:: INPUT DATA ::

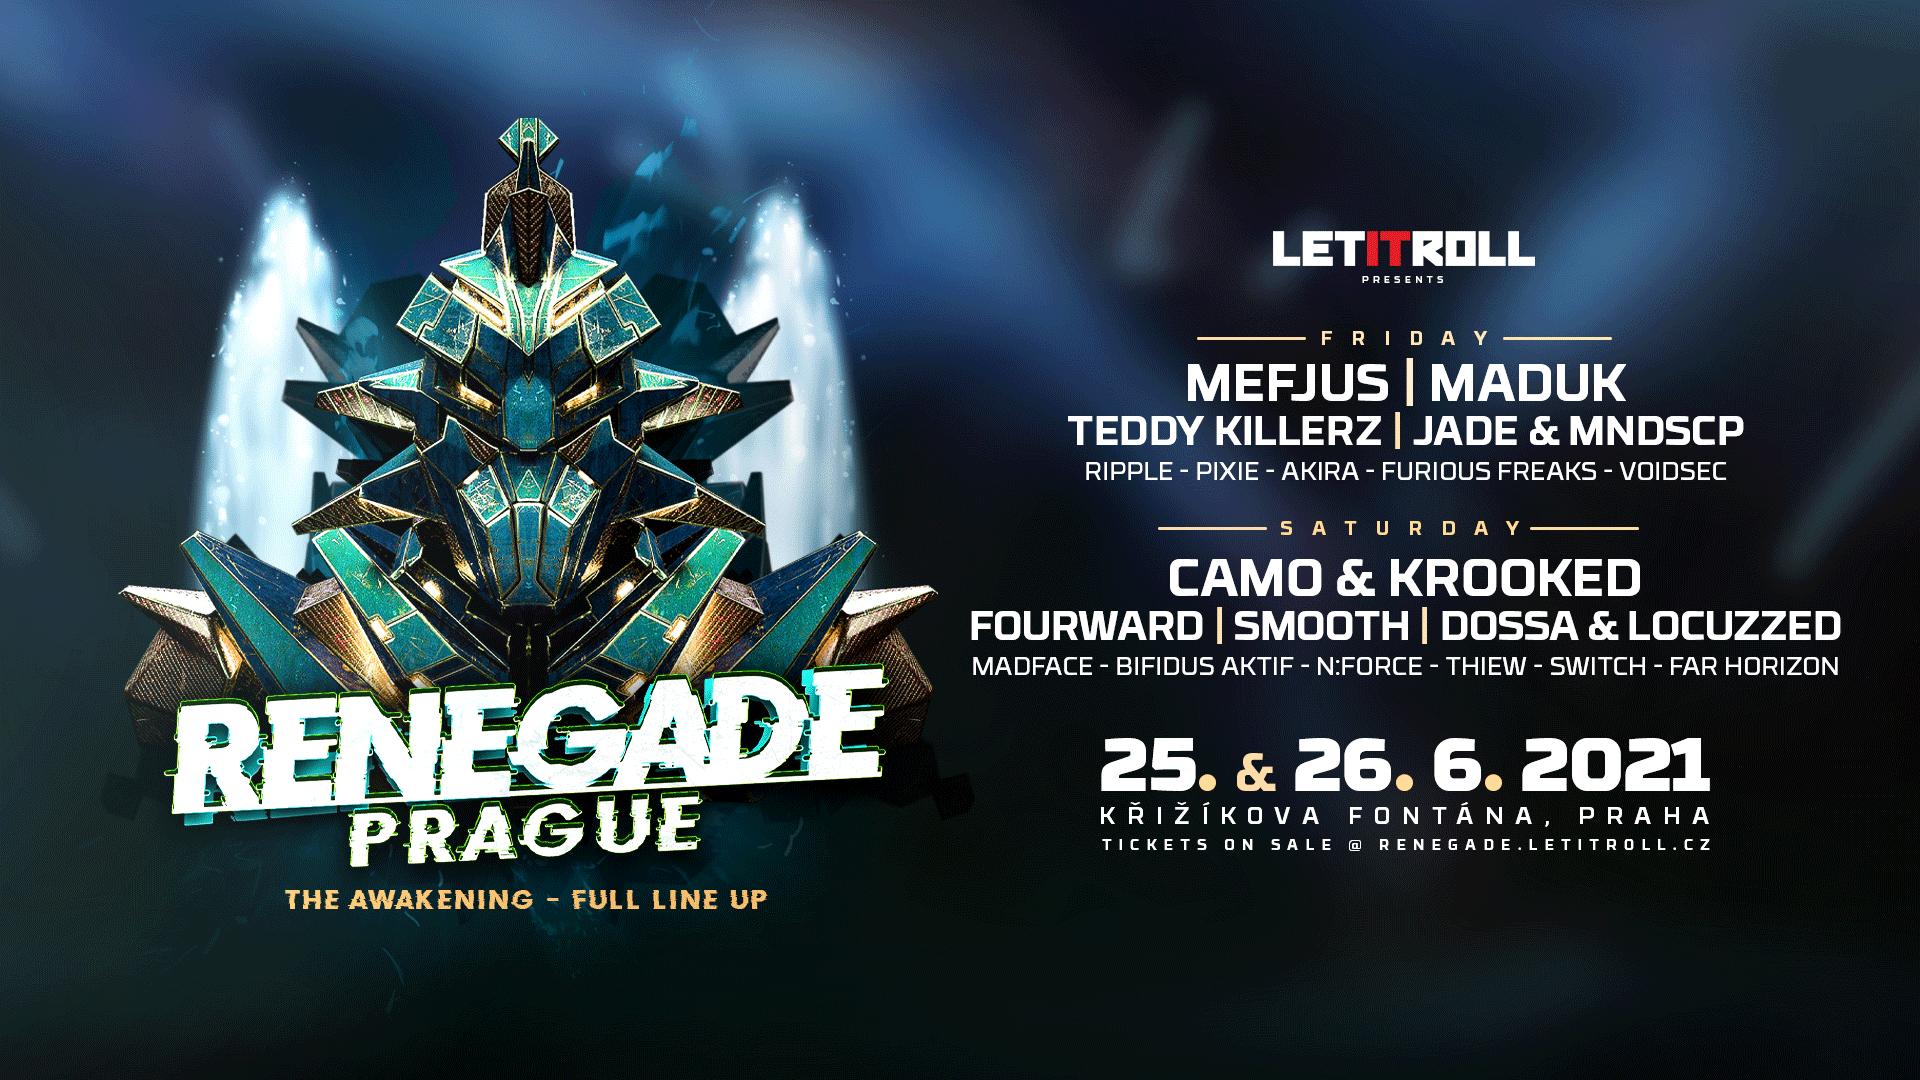 Let it Roll Renegade
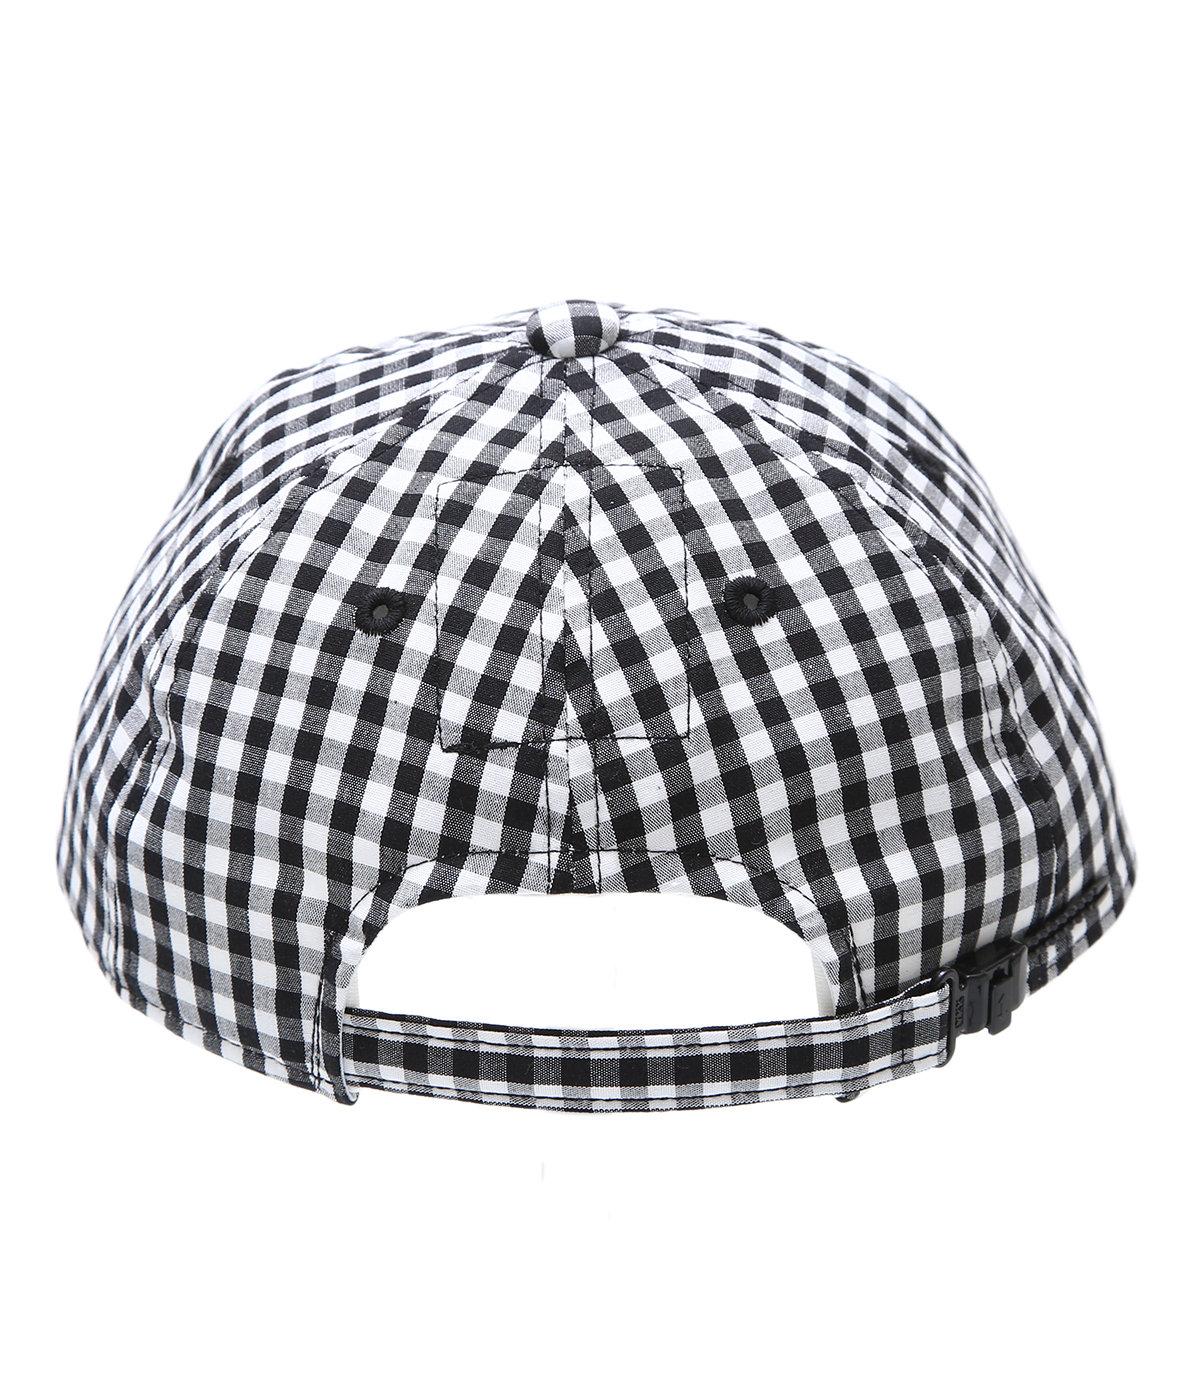 TENBOX TEAM CAP
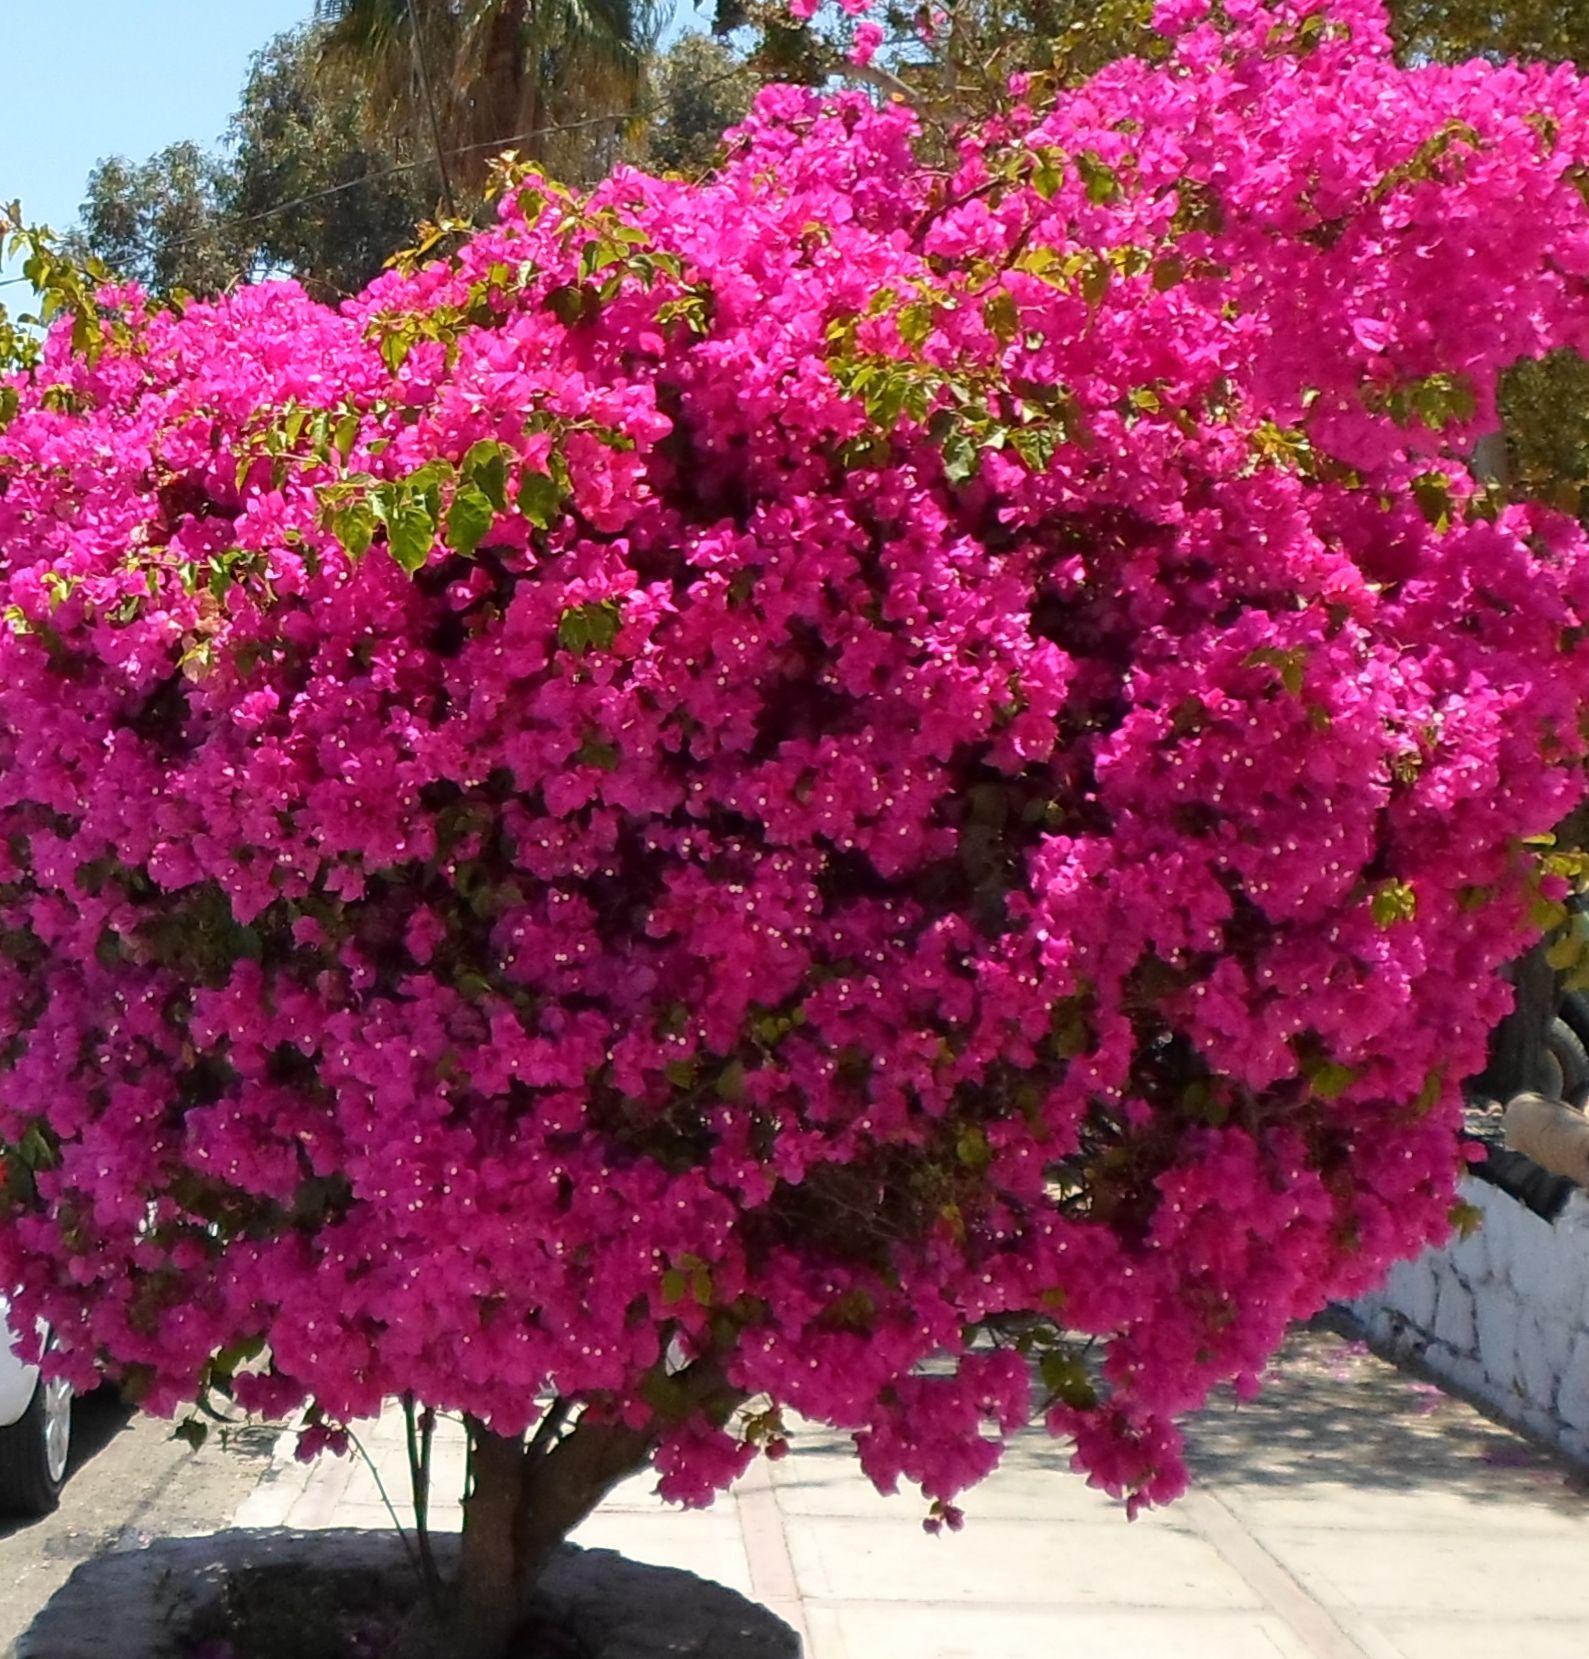 Bougainville Fleur se rapportant à blen: aromaterapia- bugambilia espectacular. todos santos, baja

:::

◆ WORK TO COMPLETE ◆
Skipping the images, write out the whole listing exactly.

◆ OUTPUT OF THE TASK ◆
 Let it Roll Renegade
 TENBOX TEAM CAP
 Bougainville Fleur se rapportant à blen: aromaterapia- bugambilia espectacular. todos santos, baja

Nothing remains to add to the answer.